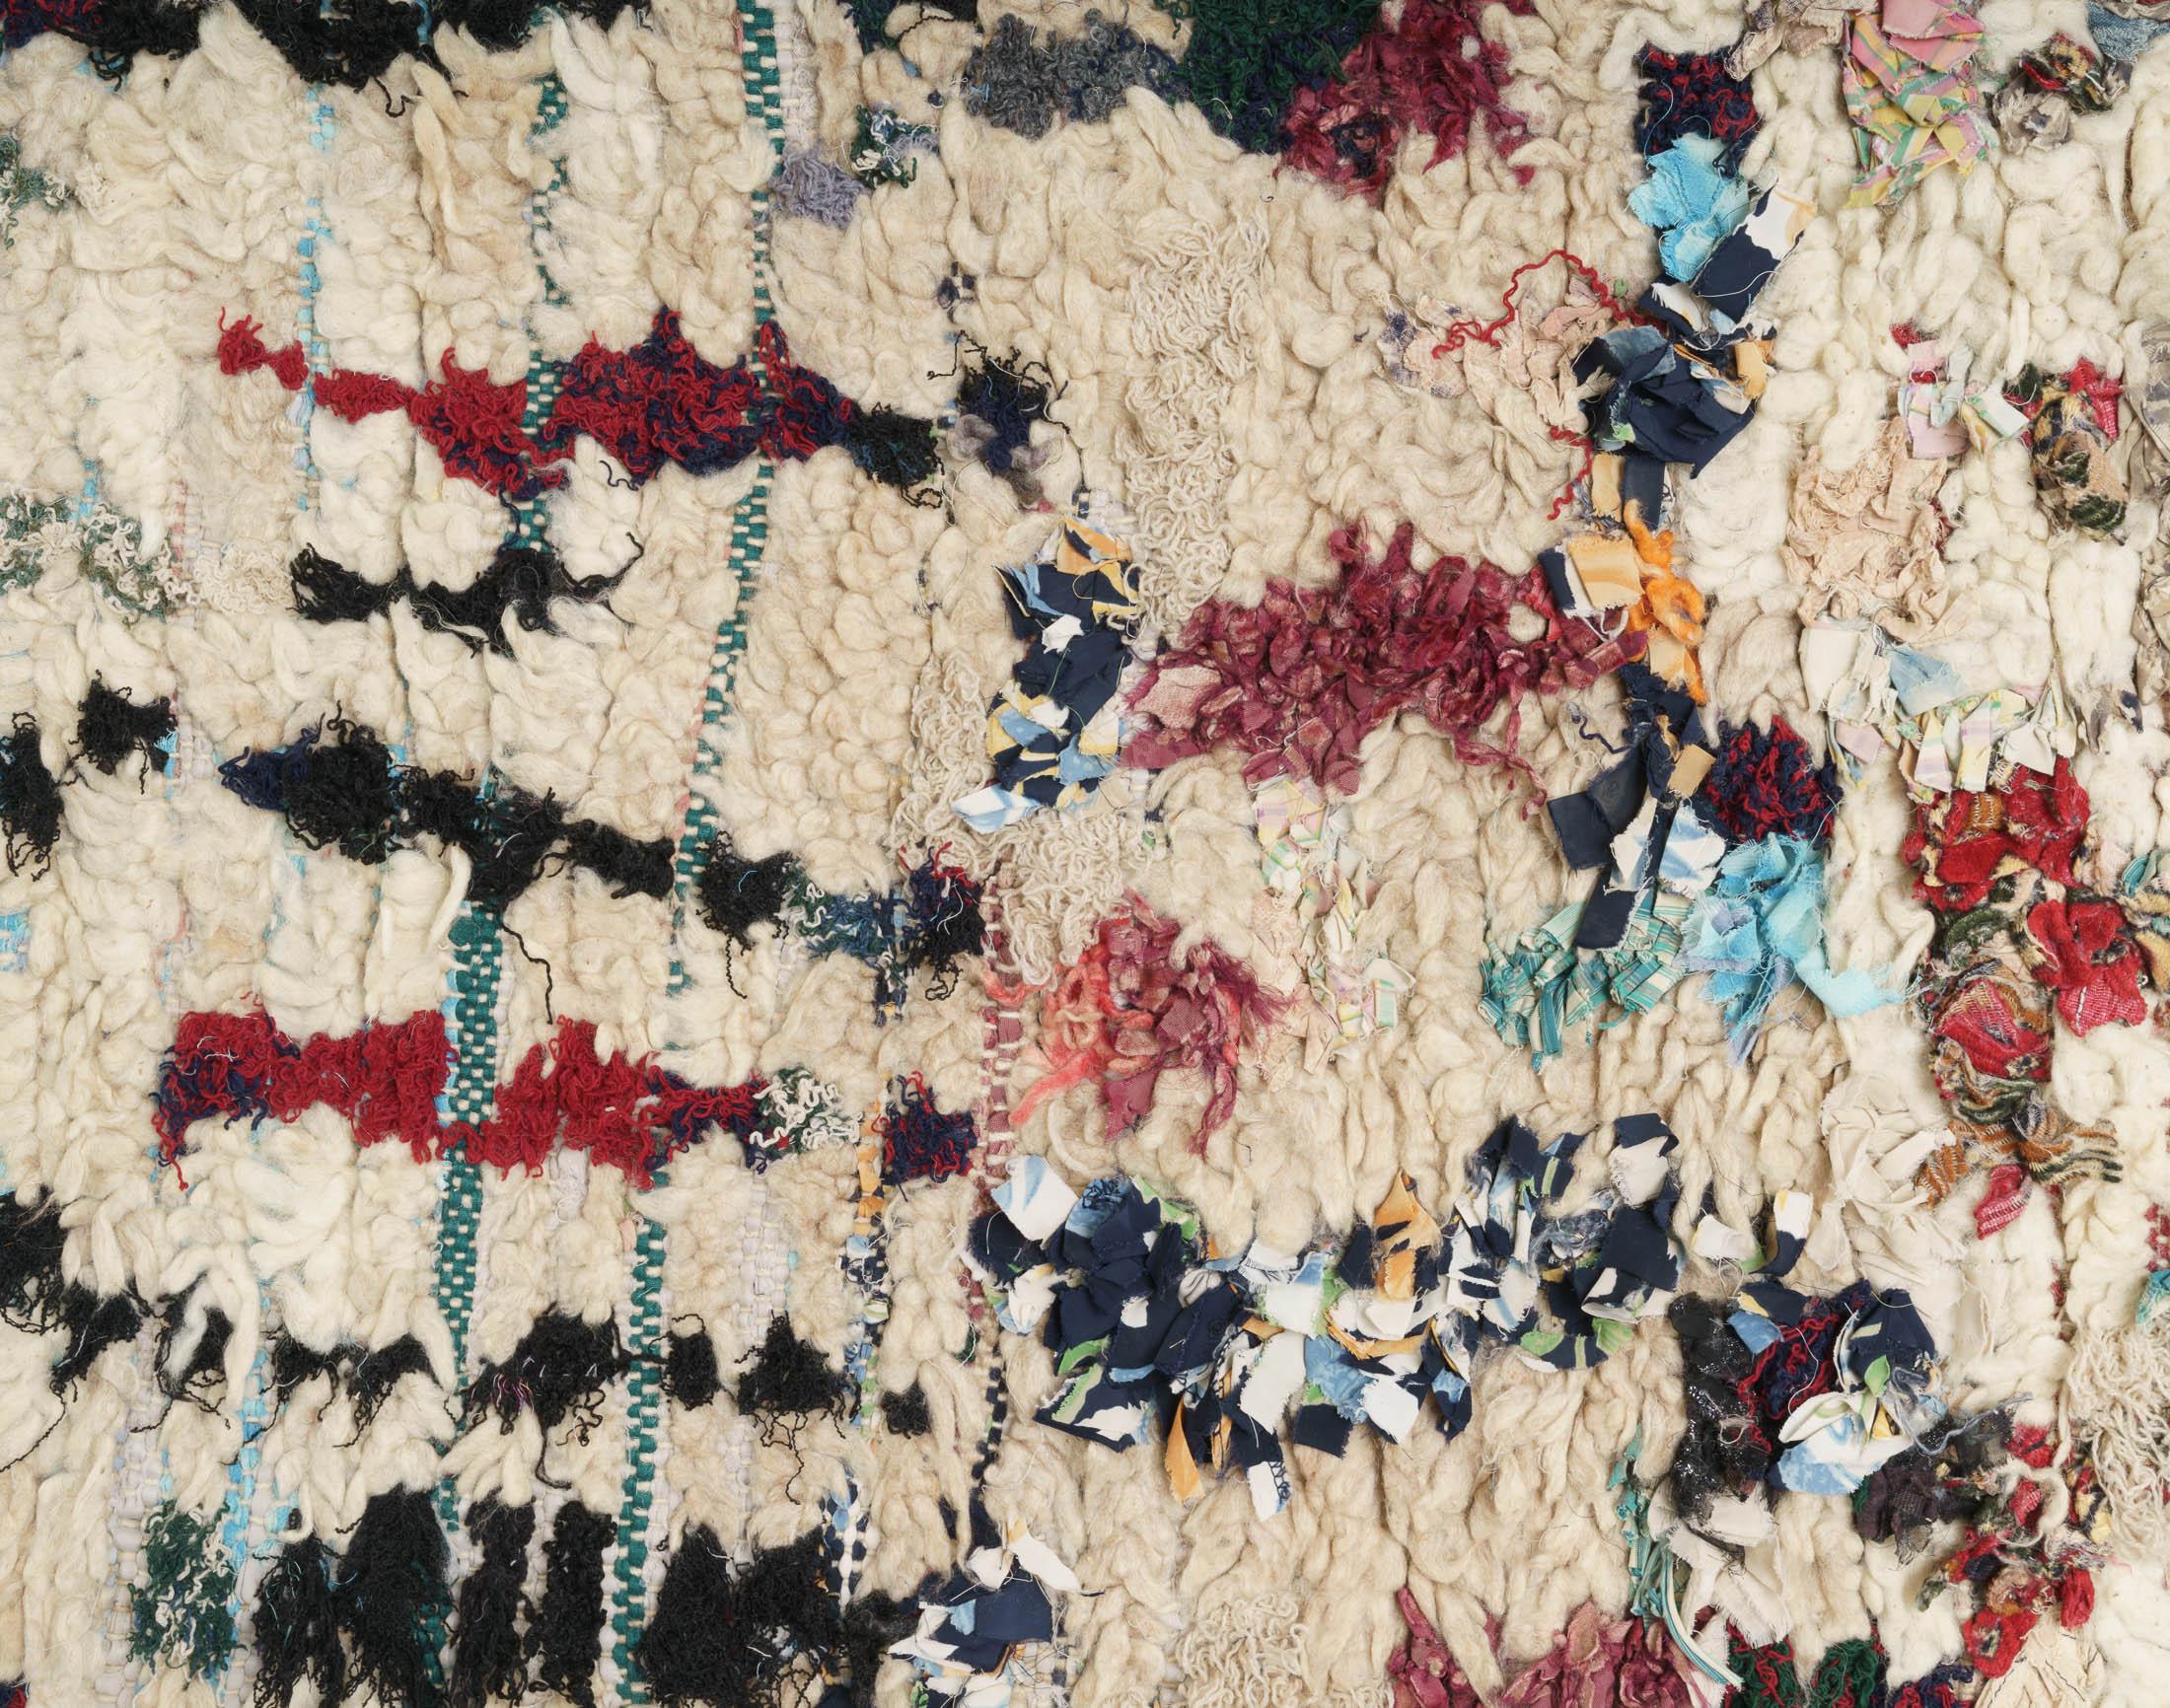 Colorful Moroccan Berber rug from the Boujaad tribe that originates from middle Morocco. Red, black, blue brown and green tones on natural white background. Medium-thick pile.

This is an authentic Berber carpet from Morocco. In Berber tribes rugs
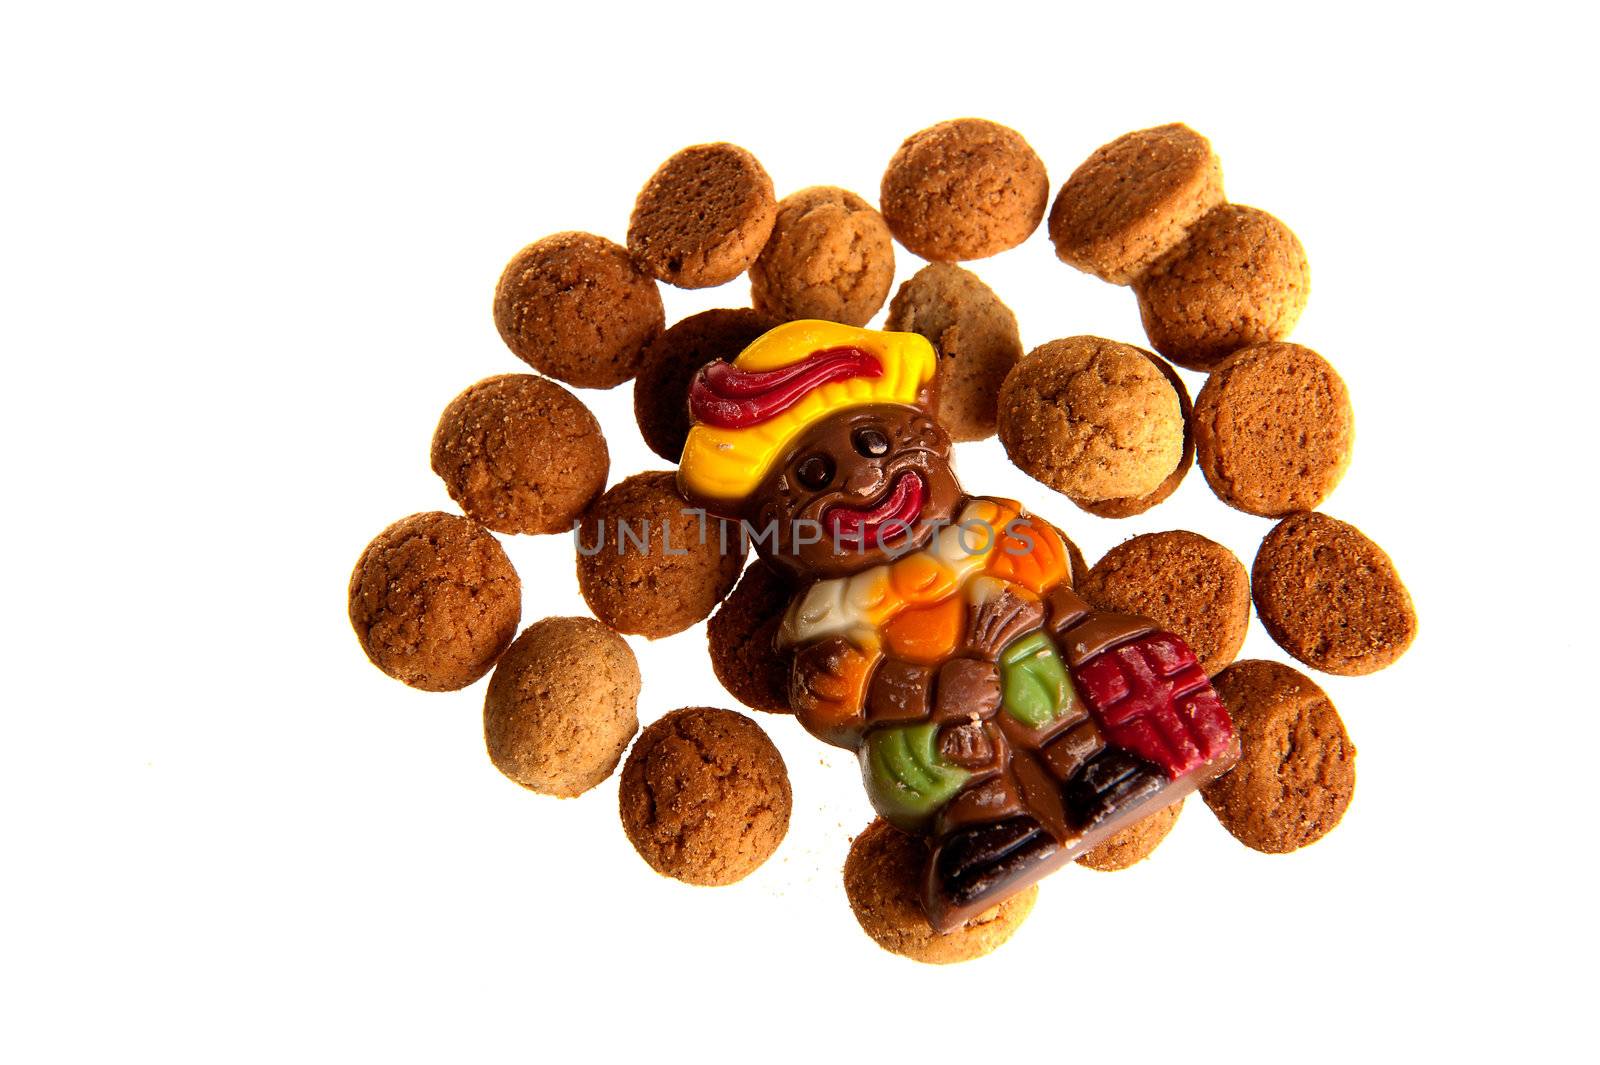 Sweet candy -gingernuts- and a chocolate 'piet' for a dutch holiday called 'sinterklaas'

==============================

## Work task
Except for the pictures, return every line of the material exactly.

## Response
 Colorful Moroccan Berber rug from the Boujaad tribe that originates from middle Morocco. Red, black, blue brown and green tones on natural white background. Medium-thick pile.

This is an authentic Berber carpet from Morocco. In Berber tribes rugs
 Sweet candy -gingernuts- and a chocolate 'piet' for a dutch holiday called 'sinterklaas'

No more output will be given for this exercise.